Home > Blockchain >  Python: Can I create a dummy based on search conditions in one column with text series?
Python: Can I create a dummy based on search conditions in one column with text series?

Time:12-18

I was wondering how I could create a dummy variable for the following condition: column 'lemmatised' contains at least two words from 'innovation_words'. Innovation_words is a list I defined myself:

innovation_words = ['community', 'local', 'charity', 'event', 'partner',
                'volunteering', 'plastic', 'surplusfood']

The lemmatised column looks like this (I'm fine changing the type or formatting if needed):

data to use for condition

So, if any observation includes for example local and plastic, I would like to have a dummy variable: 'innovation' = 1. Hope someone can help me with this.

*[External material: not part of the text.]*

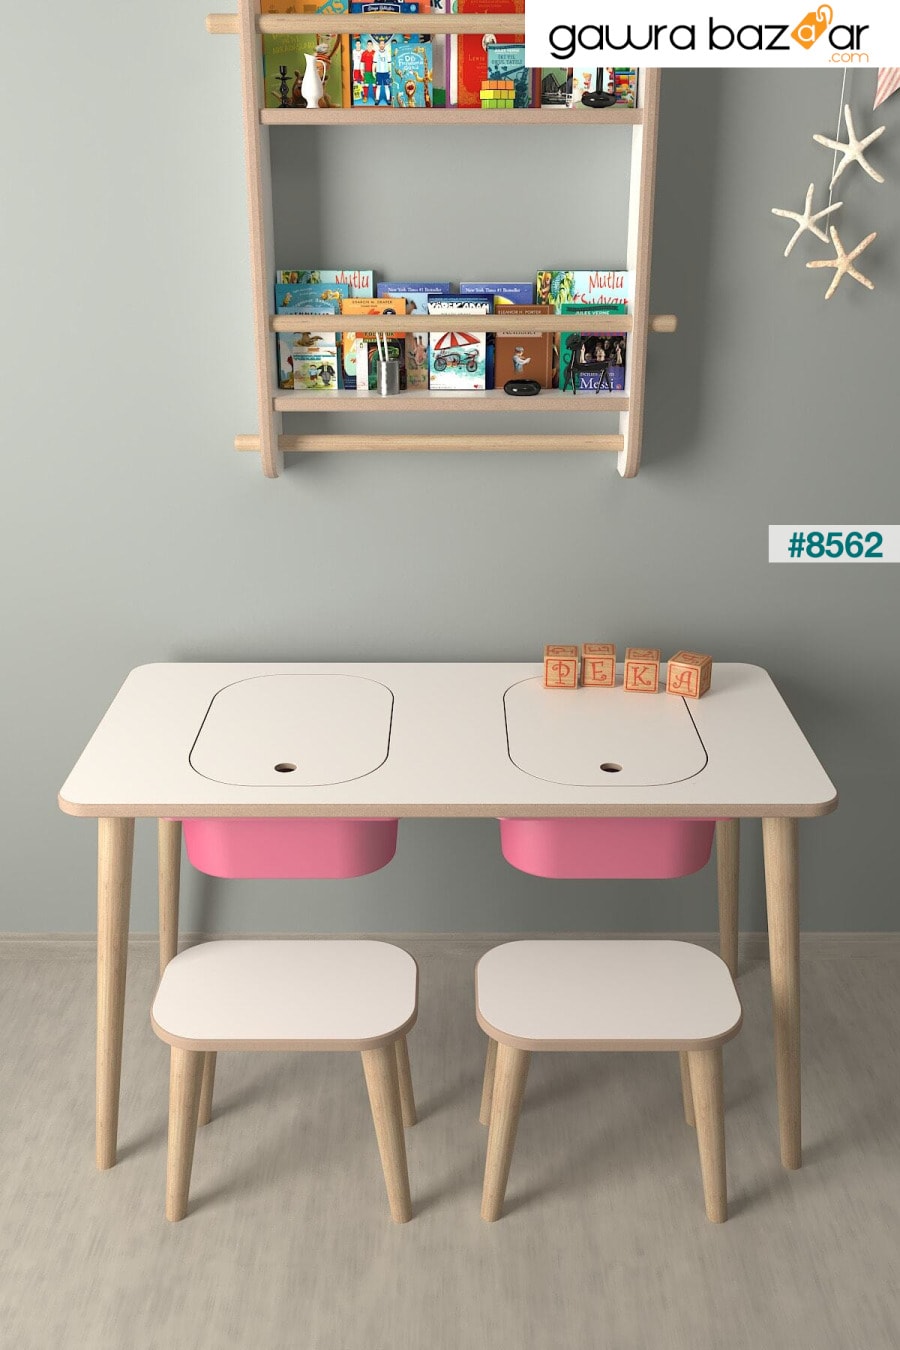 طاولة لعب وأنشطة للأطفال - 2 مقعد - مع سلة وردية PEKA 1

Some code I already tried:

conditions = [df_posts['lemmatised'].isin(innovation_words), 
          df_posts['lemmatised'].isin(innovation_words)]

dummy = [1,0]

df_posts['innovation'] = np.select(conditions, dummy)

CodePudding user response:

Maybe you can try this:

df_posts['innovation'] = 0 
df_posts.loc[df_posts.lemmatised.isin(innovation_words), 'innovation'] = 1


CodePudding user response:

Use from this code


df['new']=df.lemmatised.map(lambda w: len([i for i in innovation_words if i in w])>1)

just rename the variables

  • Related